### TASK DIRECTIONS
From the data below, copy exactly the lines that lie between the one holding "Spiritual Gangster Everly" and the one holding "An F-14 preparing", including both, and nothing more.

### DATASET ENTRIES
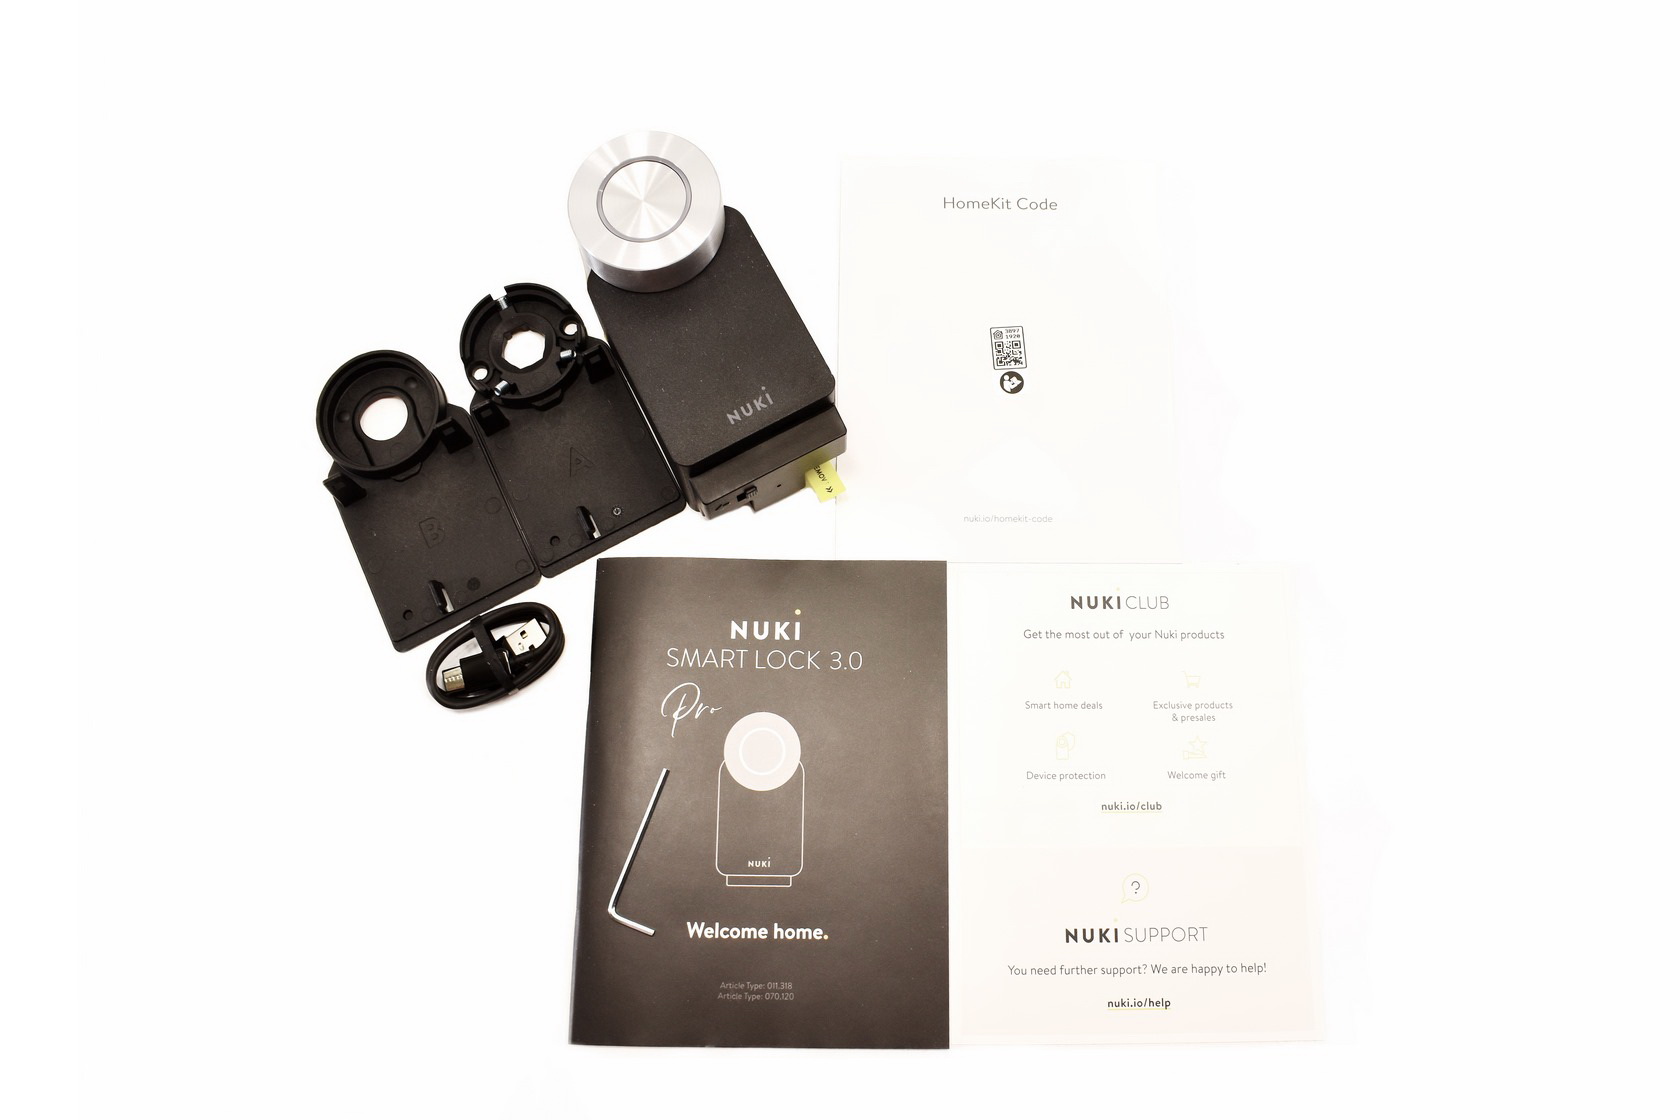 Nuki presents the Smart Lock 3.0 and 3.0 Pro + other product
--
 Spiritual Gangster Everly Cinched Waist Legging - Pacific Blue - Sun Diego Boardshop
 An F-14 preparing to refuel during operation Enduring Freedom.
...
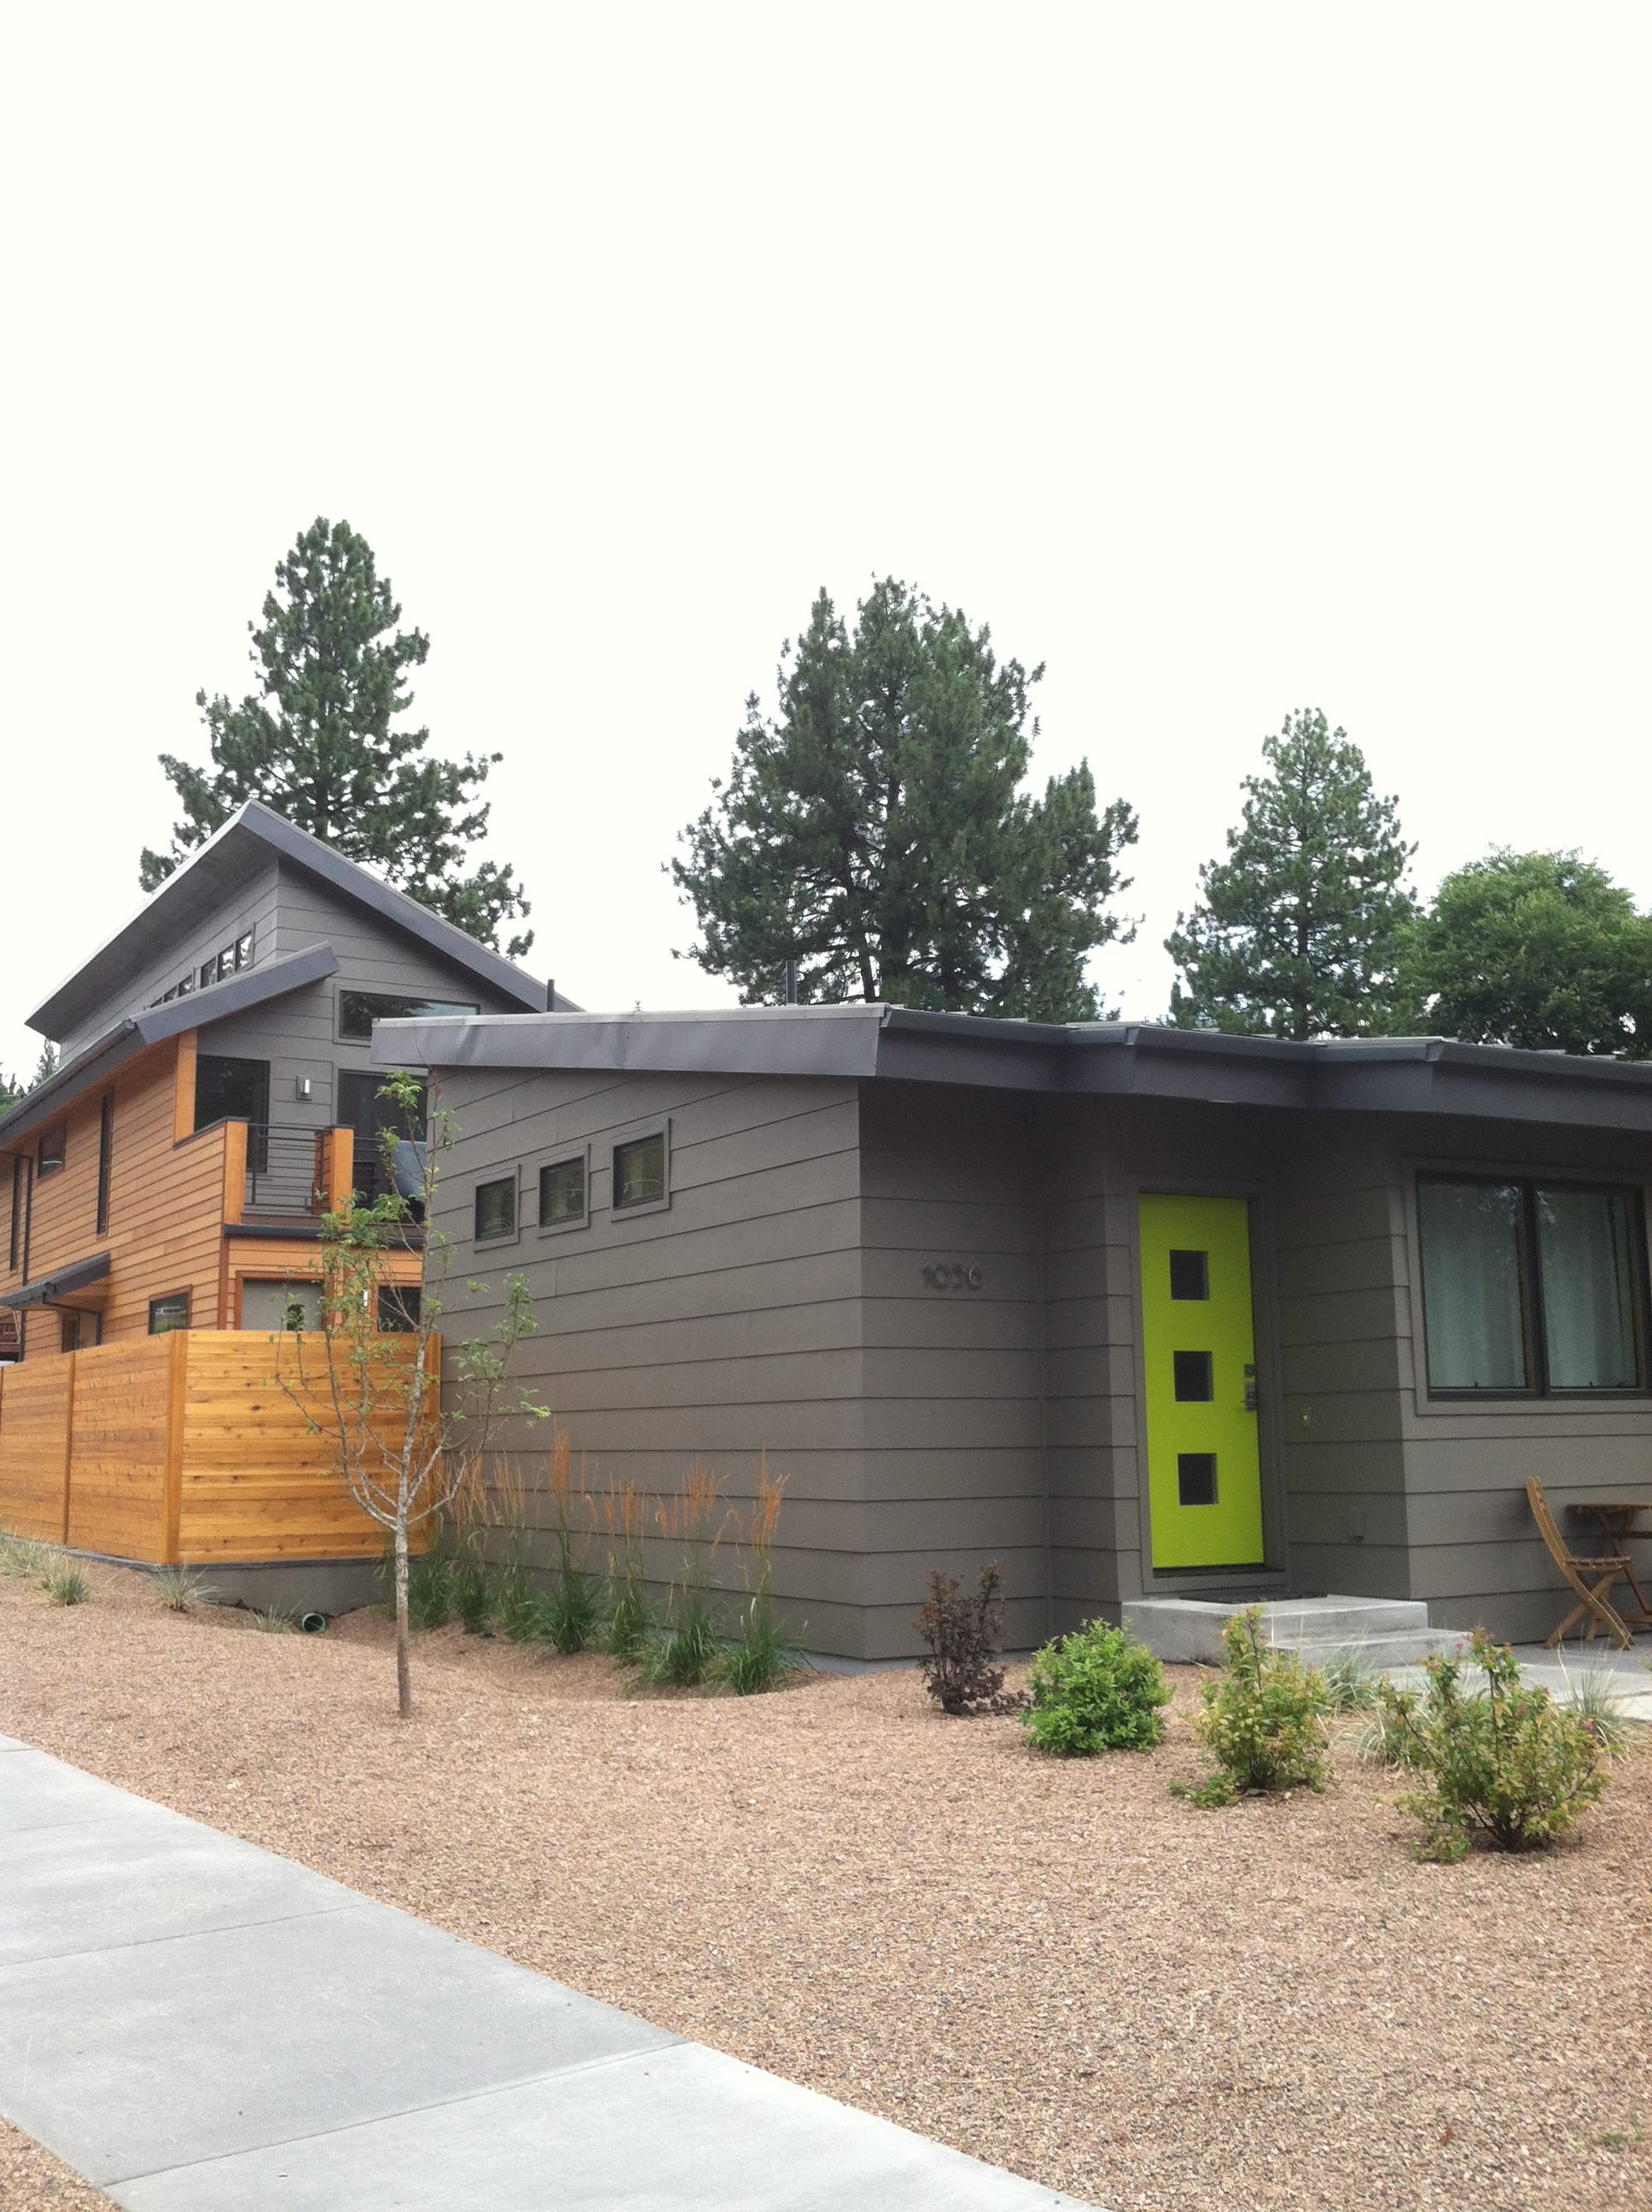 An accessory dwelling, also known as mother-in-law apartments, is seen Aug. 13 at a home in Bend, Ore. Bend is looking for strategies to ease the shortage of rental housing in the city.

### COMPLETED EXERCISE
 Spiritual Gangster Everly Cinched Waist Legging - Pacific Blue - Sun Diego Boardshop
 An F-14 preparing to refuel during operation Enduring Freedom.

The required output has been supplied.